Categoria: Camilla Lackberg

Recensione di Il domatore di leoni di Camilla Läckberg

In uno degli inverni più rigidi di Fjällbacka sono pochi coloro che si avventurano per le strade, la sera, quando le temperature scendono. Eppure una ragazza compare all’improvviso dal bosco e attraversa la strada senza rendersi conto del sopraggiungere di un’auto che la investe in pieno, uccidendola.
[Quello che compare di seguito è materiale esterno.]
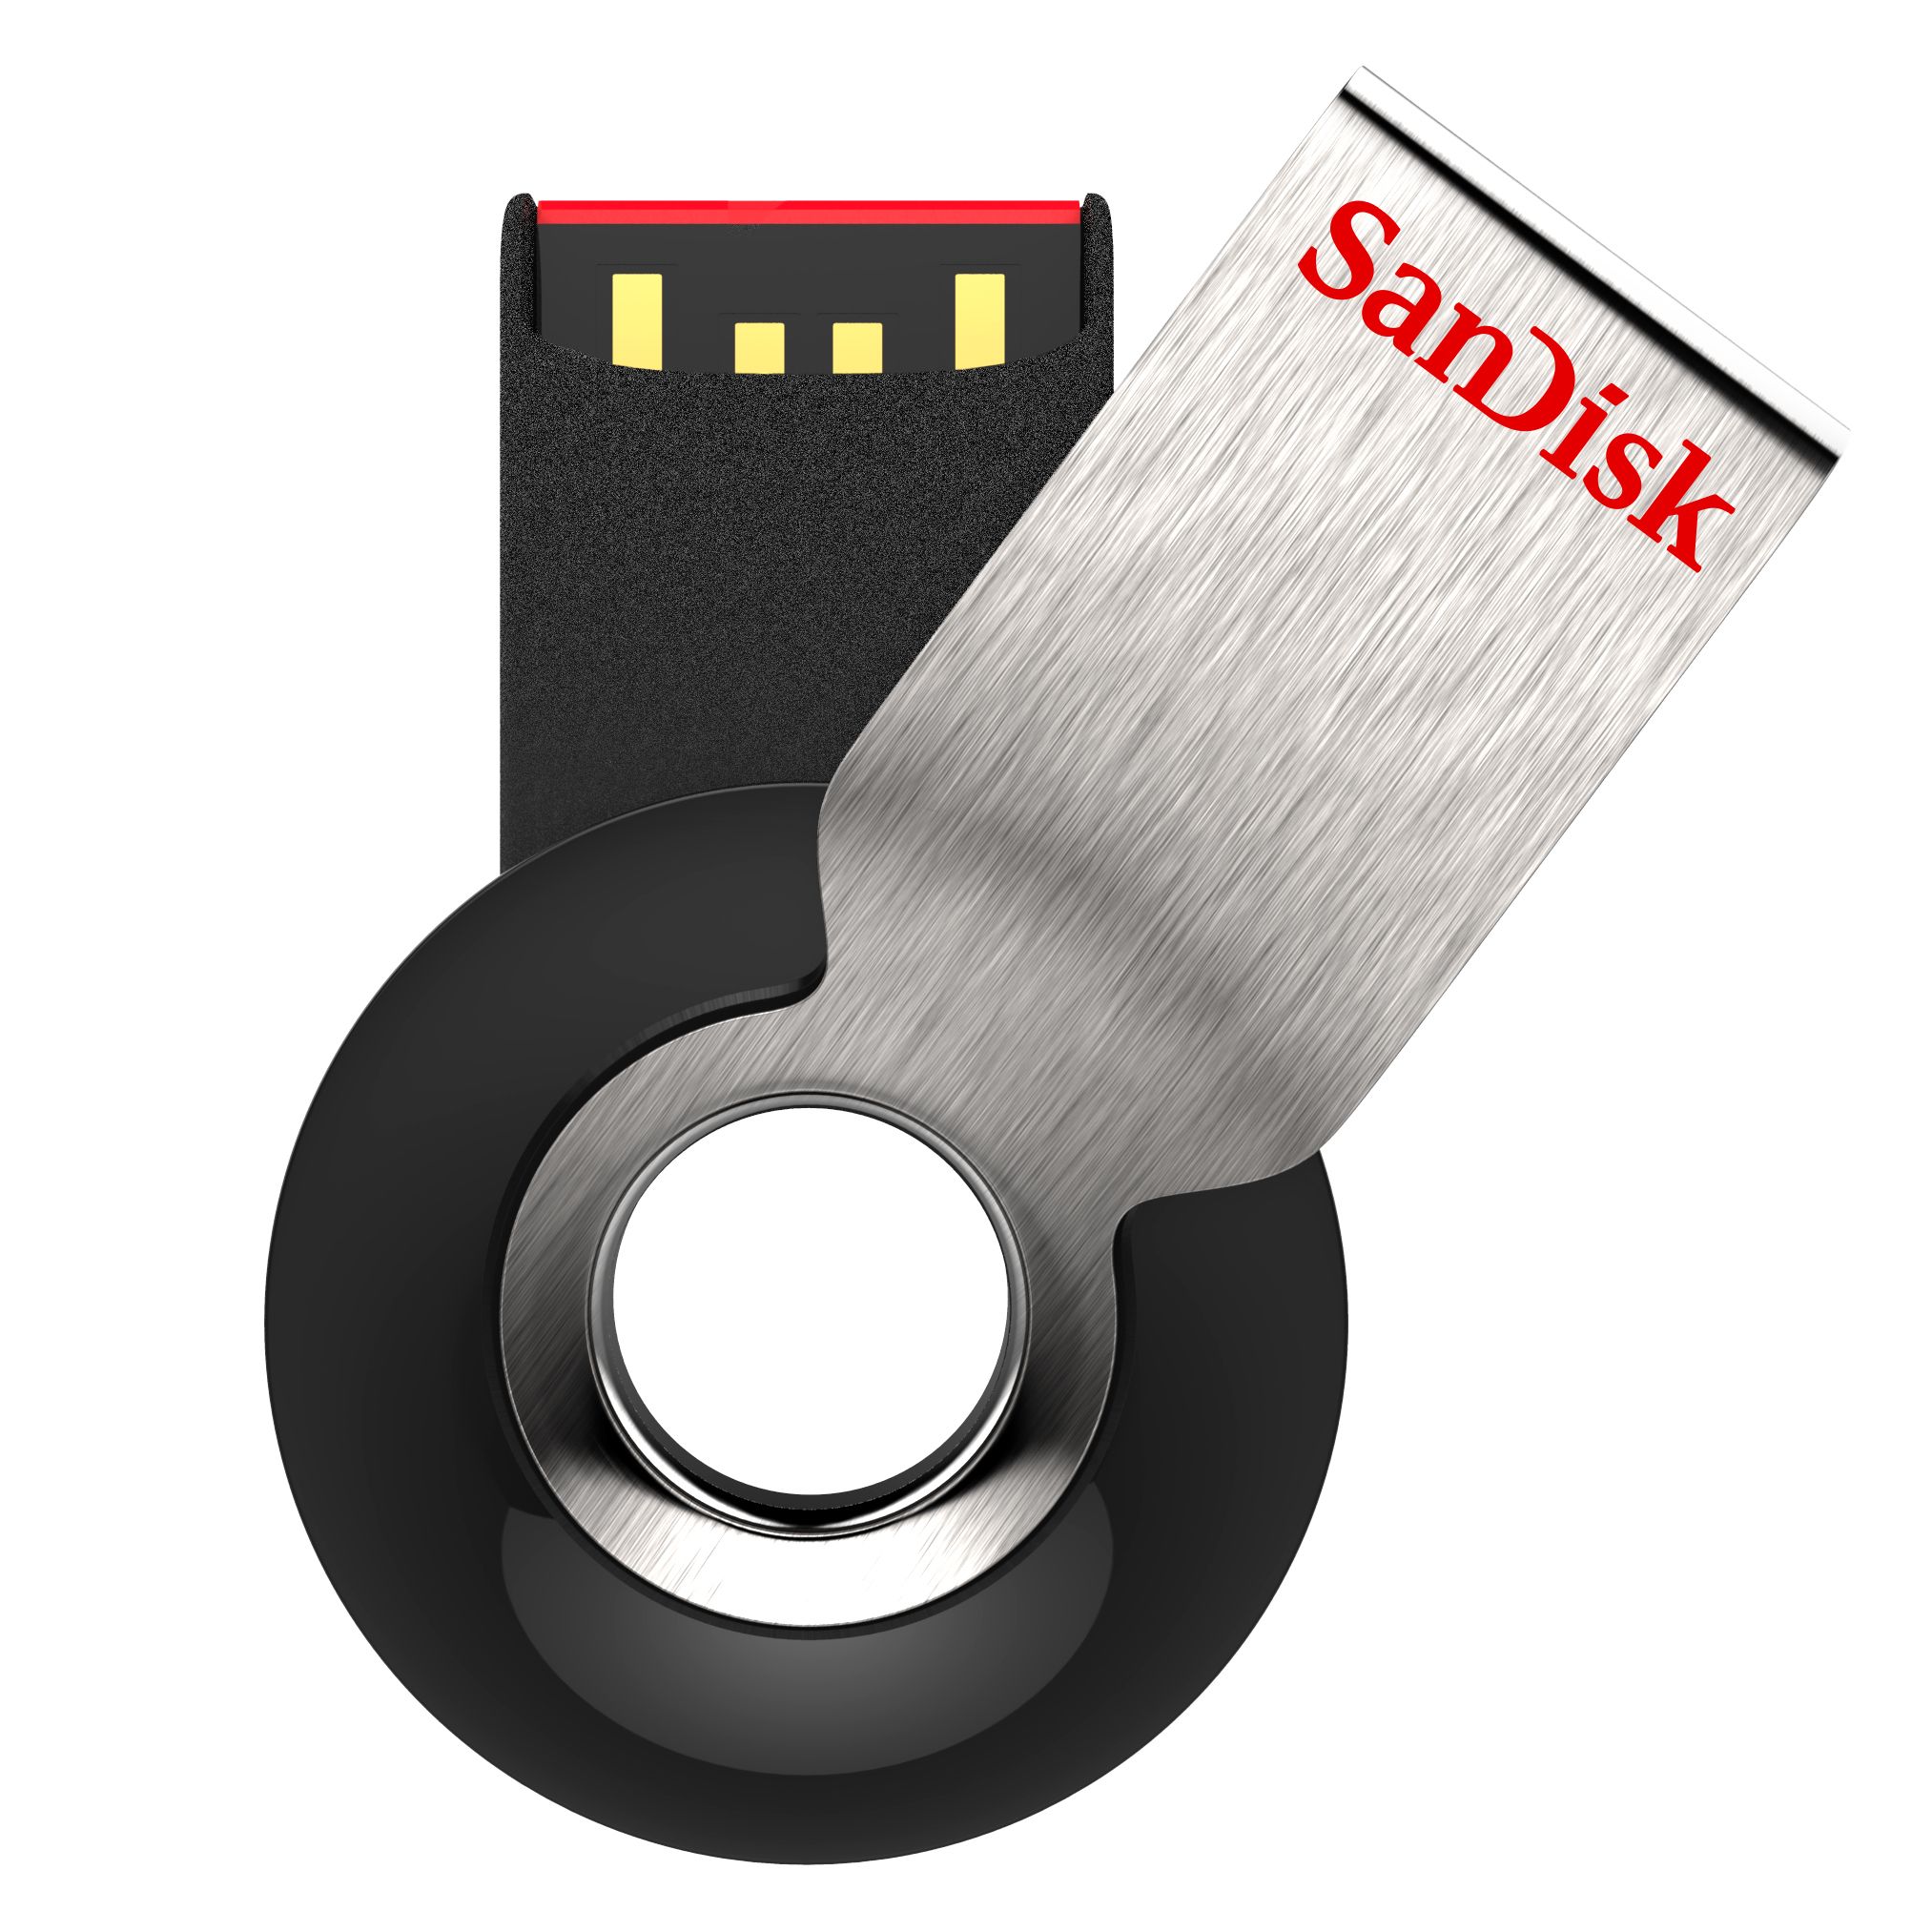 SanDisk Cruzer Orbit USB Flash Drive - 16GB

La vittima, scomparsa pochi mesi prima dalla cittadina, a lungo cercata dalla polizia, presenta tracce di torture terribili che il suo aguzzino le ha inflitto quand’era ancora viva, prima che lei riuscisse a scappare. Ma non è l’unica adolescente a essere scomparsa negli ultimi tempi: in due anni, più di cinque giovani sono state rapite, senza lasciare alcuna traccia, inutilmente cercate dalla polizia che, capeggiata da Patrick Hedström, non sa più cosa fare.

Erica Falk, moglie di Patrick, invece, ha tutt’altro per la testa. Concentrata a scrivere un nuovo libro su un omicidio familiare risalente a quasi trent’anni prima, si interessa al caso delle ragazze scomparse solo per distrarsi dal suo lavoro e dallo sconforto di non riuscire a cavar nulla di bocca a Laila, la donna protagonista del caso di cui tratta il suo libro, che ha ucciso il marito a sangue freddo, senza pietà, e che non vuole parlare di quel che accadde quel giorno.

Eppure, sebbene i due abbiano scopi diversi e percorrano strade divergenti, Patrick ed Erika si trovano invischiati in uno stesso caso agghiacciante, troppo terrificante per essere vero, un’indagine che fa accapponare la pelle.

Tra rancori passati e desideri di vendetta, la morte miete le sue vittime attraverso le mani di un assassino spietato e malato, capace di infliggere torture inimmaginabili, che si nasconde dietro un’apparente normalità. Quelle che sembrano famiglie tranquille si trasformano in nidi di violenza e la quotidianità diventa inquietante, in un thriller che, fino all’ultima pagina, continua a cambiare le carte in tavola.

Approfondimento

Il domatore di leoni di Camilla Läckberg è decisamente uno di quei racconti che non fanno dormire la notte.

L’autrice ha la singolare abilità di trasformare la quotidianità in modo angosciante, nascondendo sotto una normalità apparente una violenza dai caratteri più che macabri. In questo nuovo libro dedicato a Patrick ed Erika ogni pagina nasconde un nuovo colpo di scena, mentre i fili dei destini di personaggi che sembrano non avere nulla a che fare gli uni con gli altri si legano, si tessono fino a creare uno straordinario romanzo che non potrete che divorare, presi dall’angoscia.

Attraverso la pagina scritta, Camilla Läckberg riesce a trasmettere al lettore l’ansia, la paura, il terrore che prova chi vive in un incubo com’è quello descritto in questo libro: un sogno terribile dal quale svegliarsi sembra impossibile, e che metterà il tarlo della paura anche nei vostri pensieri.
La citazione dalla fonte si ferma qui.